MP 12x8/4x3 / N38 - ring magnet

Pros as well as cons of rare earth magnets.

Apart from their consistent power, neodymium magnets have these key benefits:

• They have constant strength, and over around ten years their attraction force decreases symbolically – ~1% (in testing),
• Neodymium magnets are remarkably resistant to loss of magnetic properties caused by external interference,
• In other words, due to the metallic layer of nickel, the element looks attractive,
• The surface of neodymium magnets generates a strong magnetic field – this is a key feature,
• Neodymium magnets are characterized by very high magnetic induction on the magnet surface and can work (depending on the form) even at a temperature of 230°C or more...
• Due to the possibility of precise molding and customization to individualized requirements, NdFeB magnets can be created in a variety of shapes and sizes, which amplifies use scope,
• Versatile presence in high-tech industry – they are used in HDD drives, electric motors, advanced medical instruments, and technologically advanced constructions.
• Thanks to concentrated force, small magnets offer high operating force, with minimal size,

Disadvantages of neodymium magnets:

• To avoid cracks upon strong impacts, we suggest using special steel housings. Such a solution protects the magnet and simultaneously improves its durability.
• When exposed to high temperature, neodymium magnets experience a drop in force. Often, when the temperature exceeds 80°C, their strength decreases (depending on the size and shape of the magnet). For those who need magnets for extreme conditions, we offer [AH] versions withstanding up to 230°C
• Magnets exposed to a humid environment can rust. Therefore when using outdoors, we recommend using water-impermeable magnets made of rubber, plastic or other material protecting against moisture
• We recommend cover - magnetic mechanism, due to difficulties in realizing nuts inside the magnet and complicated forms.
• Possible danger related to microscopic parts of magnets pose a threat, if swallowed, which gains importance in the context of child health protection. Furthermore, small elements of these magnets can be problematic in diagnostics medical when they are in the body.
• Higher cost of purchase is one of the disadvantages compared to ceramic magnets, especially in budget applications

Maximum magnetic pulling force – what affects it?

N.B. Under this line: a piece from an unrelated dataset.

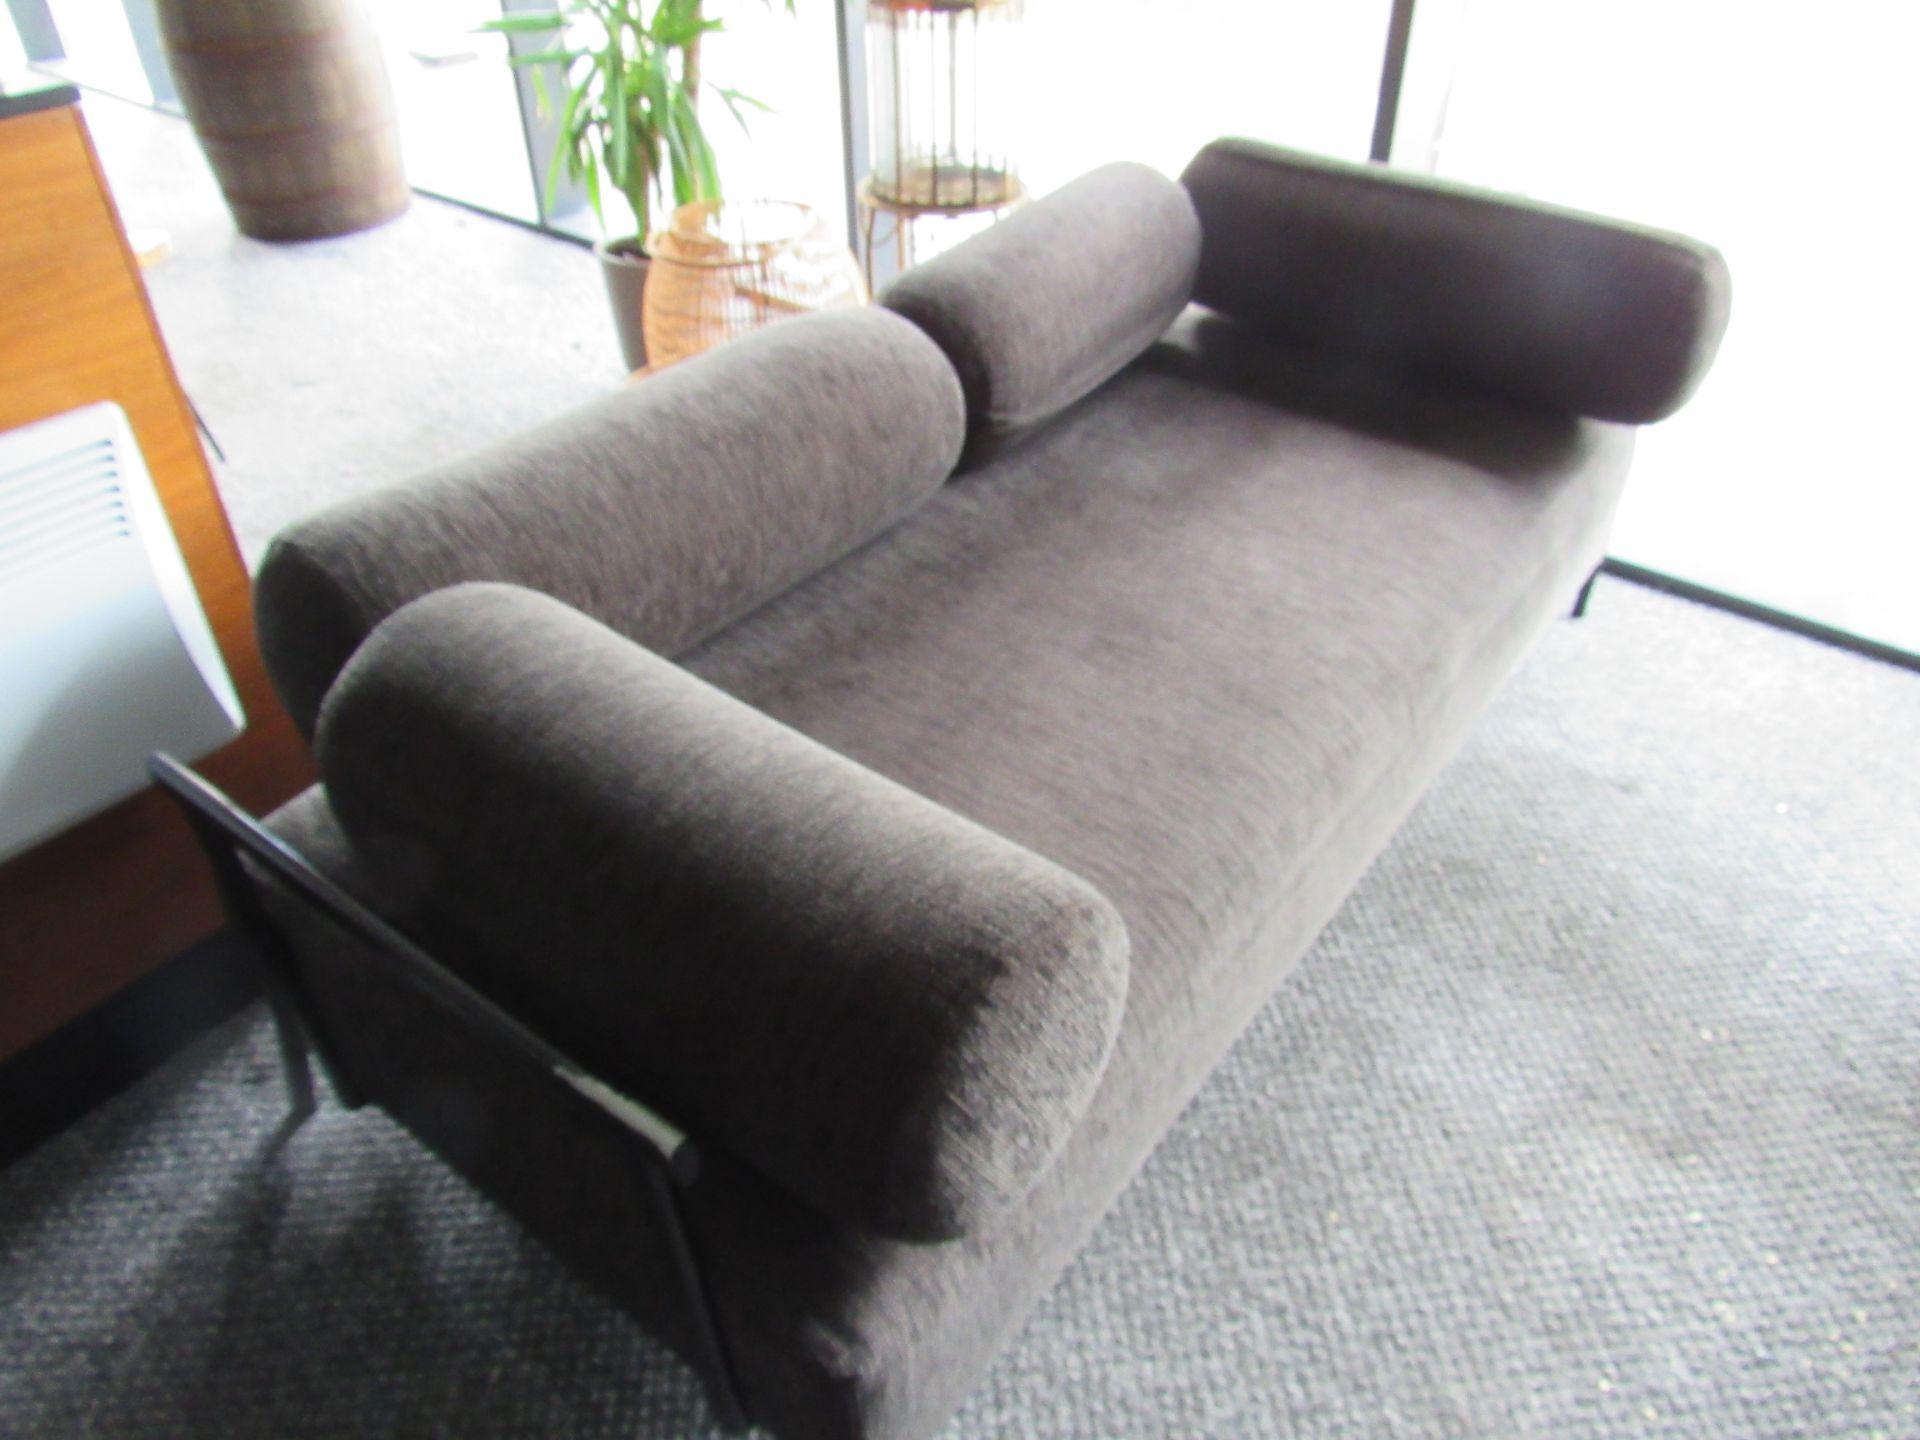 2 Steel Framed Upholstered Sofas - Image 4 of 4

The specified lifting capacity refers to the peak performance, obtained under laboratory conditions, meaning:

• with the application of a sheet made of special test steel, ensuring maximum field concentration
• possessing a massiveness of at least 10 mm to ensure full flux closure
• characterized by smoothness
• under conditions of gap-free contact (metal-to-metal)
• during pulling in a direction vertical to the mounting surface
• at conditions approx. 20°C

Impact of factors on magnetic holding capacity in practice

In real-world applications, the actual lifting capacity results from a number of factors, listed from crucial:

• Gap between magnet and steel – every millimeter of distance (caused e.g. by varnish or unevenness) diminishes the pulling force, often by half at just 0.5 mm.
• Loading method – declared lifting capacity refers to detachment vertically. When attempting to slide, the magnet exhibits significantly lower power (often approx. 20-30% of maximum force).
• Metal thickness – thin material does not allow full use of the magnet. Part of the magnetic field passes through the material instead of generating force.
• Material type – ideal substrate is pure iron steel. Hardened steels may have worse magnetic properties.
• Smoothness – full contact is obtained only on polished steel. Rough texture reduce the real contact area, weakening the magnet.
• Temperature – heating the magnet results in weakening of force. It is worth remembering the thermal limit for a given model.

* Lifting capacity testing was carried out on plates with a smooth surface of suitable thickness, under perpendicular forces, whereas under parallel forces the load capacity is reduced by as much as 5 times. Additionally, even a small distance {between} the magnet’s surface and the plate decreases the load capacity.